25 August 2009

13-year old girls...

... are different from the way they were when I was 13 years old. This morning I heard a report on BBC radio about a controversy currently brewing in the Netherlands regarding whether 13-year-old Laura Decker should be permitted to sail around the world - alone.

Her parents support her in this decision, which would break the world record for the youngest person to accomplish such a feat (current record by a 17-year-old). She would need to miss two years of school, and she would sail without any support vessels beside/behind her. The Dutch public is reportedly split on this issue; many support her, while others consider it too dangerous and equivalent to child neglect.

TYWKIWDBI won't take any stand on this girl's situation, but the story reminded me of an item I read in my high school's alumni bulletin, regarding a young girl whom I'll just identify with initials here: "C--- K--- '15... won the 2009... Skating Competition. In her long program, K--- successfully landed seven double jumps, including a double-lutz, double-toe loop combination jump."

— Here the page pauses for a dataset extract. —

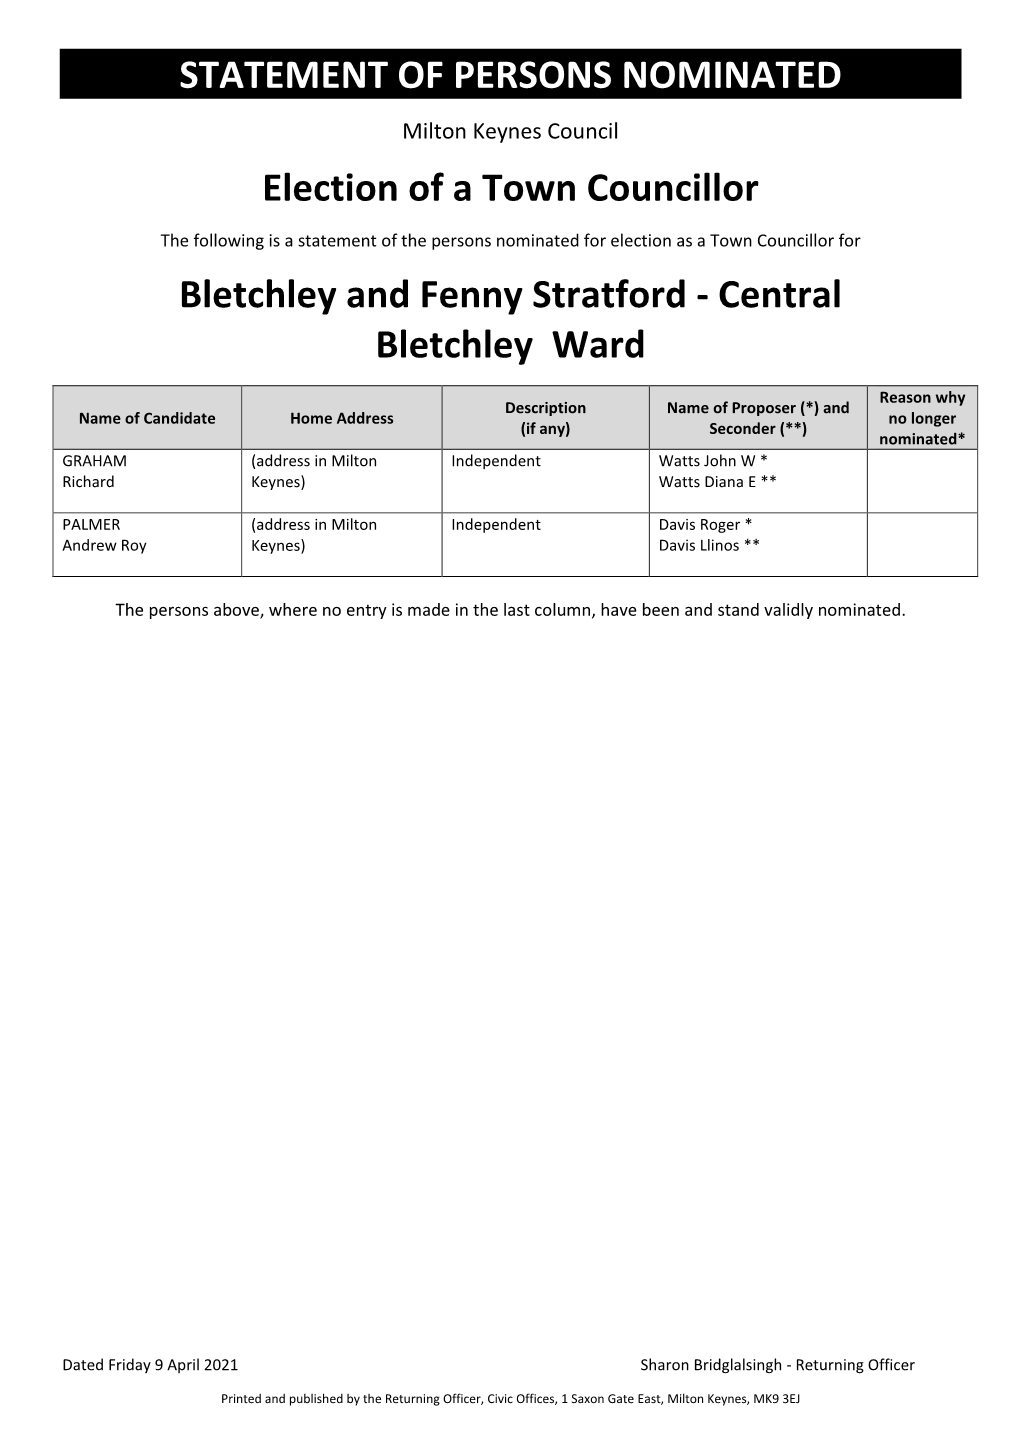 Bletchley & Fenny Stratford Parish Council

If she's in the class of 2015, she would also be 12-13 years old. For comparison, Dorothy Hamill and Peggy Fleming won Olympic figure skating gold medals without doing any double jumps. Now a 13-year-old does seven double jumps for just a regional competition. I'm sure the analogy could be extended to many other sports.

Update: The Dutch girl is now "under state care" for two months while an evaluation is underway, which prevents her from beginning the voyage.

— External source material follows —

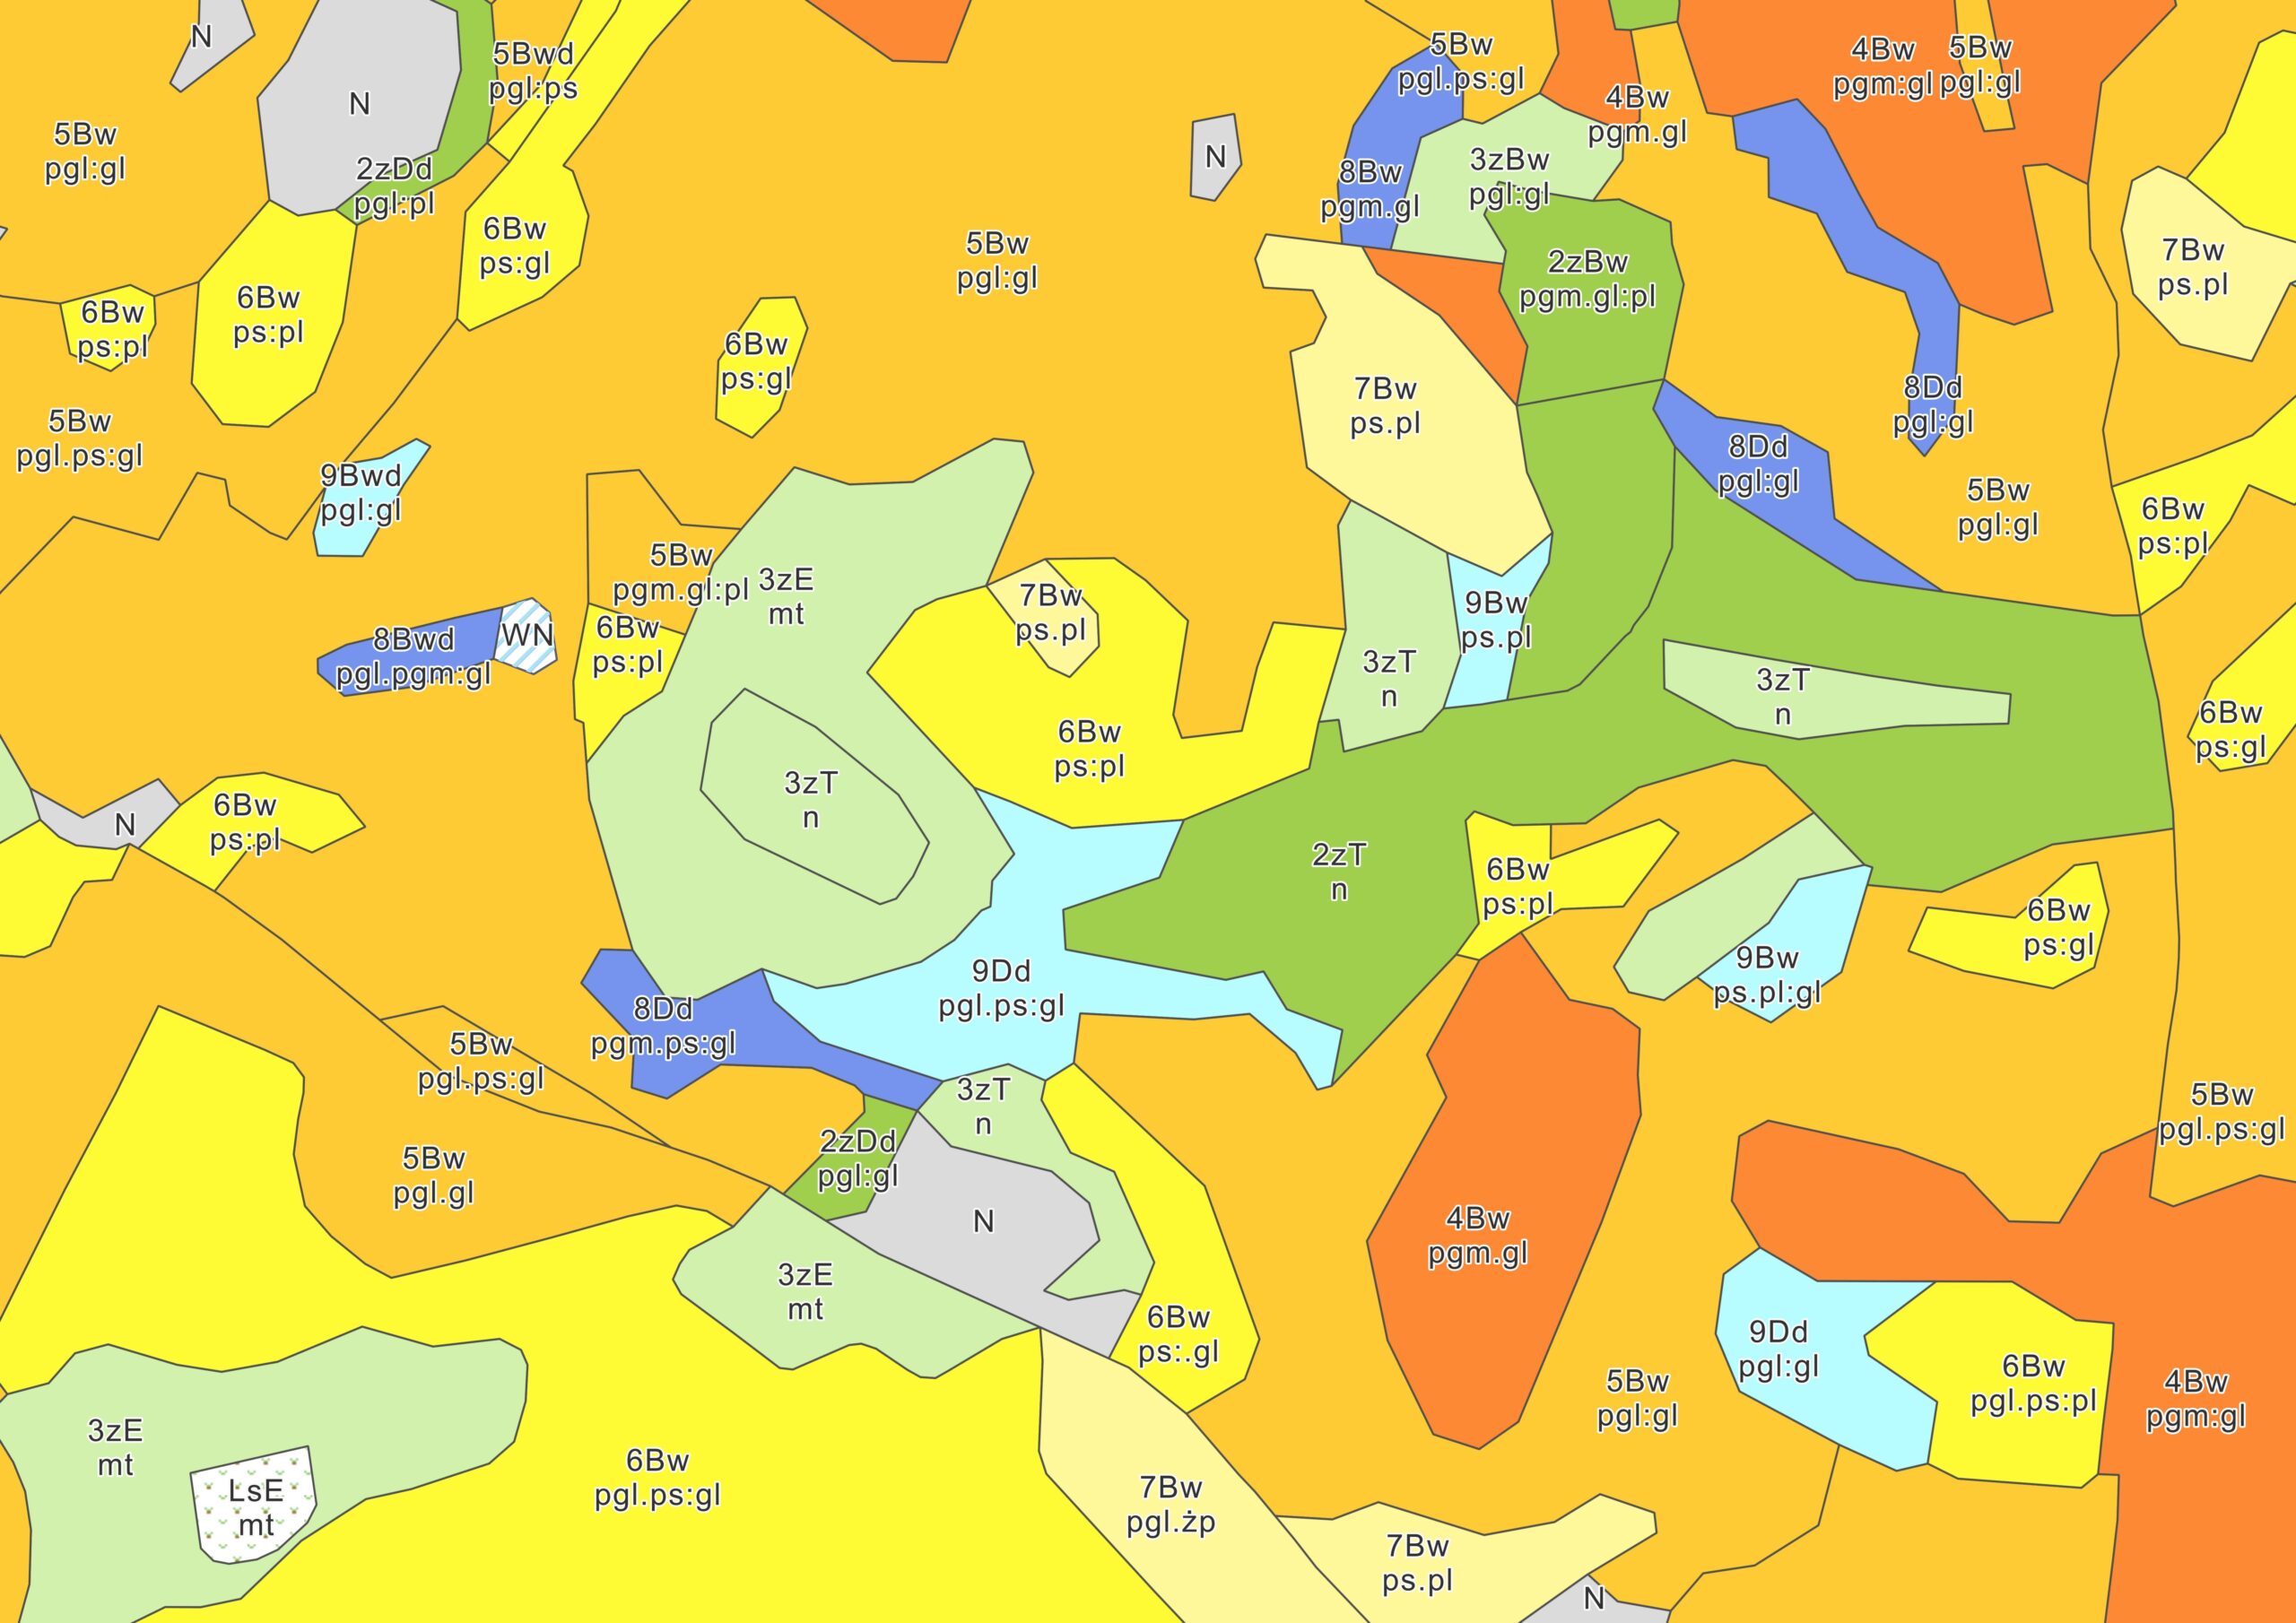 rys1 - wizualizacja fragmentu mapy glebowo-rolniczej dla woj. pomorskiego.

  1. It's one thing to have adults competent to make their own choices spurn each other on in the spirit of competition. It's quite another to have a child, not considered old enough to even vote, have to feel the pressure (even if they are compliant) of such public-driven judgments. They have no context as to what sacrifices they are truly making regarding their physical and emotional well-being. At the very least for safety, adult supervision should be required.

  2. I note the trip will be "sponsored," so perhaps the parents will rake in some Euros for endorsements and interviews and a book and etc etc.

    Meanwhile the girl is at risk for rape and murder by pirates.


  3. This is taking the concept of free-range children a bit too far. My oldest at that age, when there was a rapist in the area, insisted she could handle any man. She was 5'3 and weighed about 100 pounds.

  4. i agree that no 13 year old girl should sail around the world alone. that's parental negligence to say the least. if you read the stories of people sailing around the world, there is too much to handle physically, not to mention emotionally.

    however, i am sorry you have the Dorothy Hammil and Peggy Fleming stat a wrong. They both did double axels and all the other double jumps in their Olympic performances.

    American women (and girl) figure skaters have always been precocious. Elaine Zayam was doing triple toes at 12 in the late 70s, and Janet Lynn was landing triple salchow at 12 (in the late 60s).

  5. Re Peggy Fleming at the 1968 Olympics - "She easily won all the first-place votes despite a shaky free-skating program in which she turned a double axel into a single and double-footed the landing of an incomplete double lutz."

    She might have done double axels later in life, but not for her Olympic gold. You can also see it on YouTube.


  6. Ice skaters are right there where their Moms can see them. No way I'd let my 13-year-old travel that far without supervision, even on land.

  7. AMSTERDAM -- Laura Dekker, the 13-year-old girl who wants to sail solo around the world, stays for two months under supervision That the court decided Friday.
    The 13-year-old Laura Dekker is in the center of attention for its plan to sail solo around the world.Laura on her own want to make a solo sailing trip around the world Her parents give her permission, but the child is suspended temporarily from parental authority. Laura tries to settle in New Zealand to avoid any action here.

    The Children's Commissioner in New Zealand warned Friday that they will have problems there. "Laura can now look forward to a similar treatment by the child protection authorities in the Netherlands."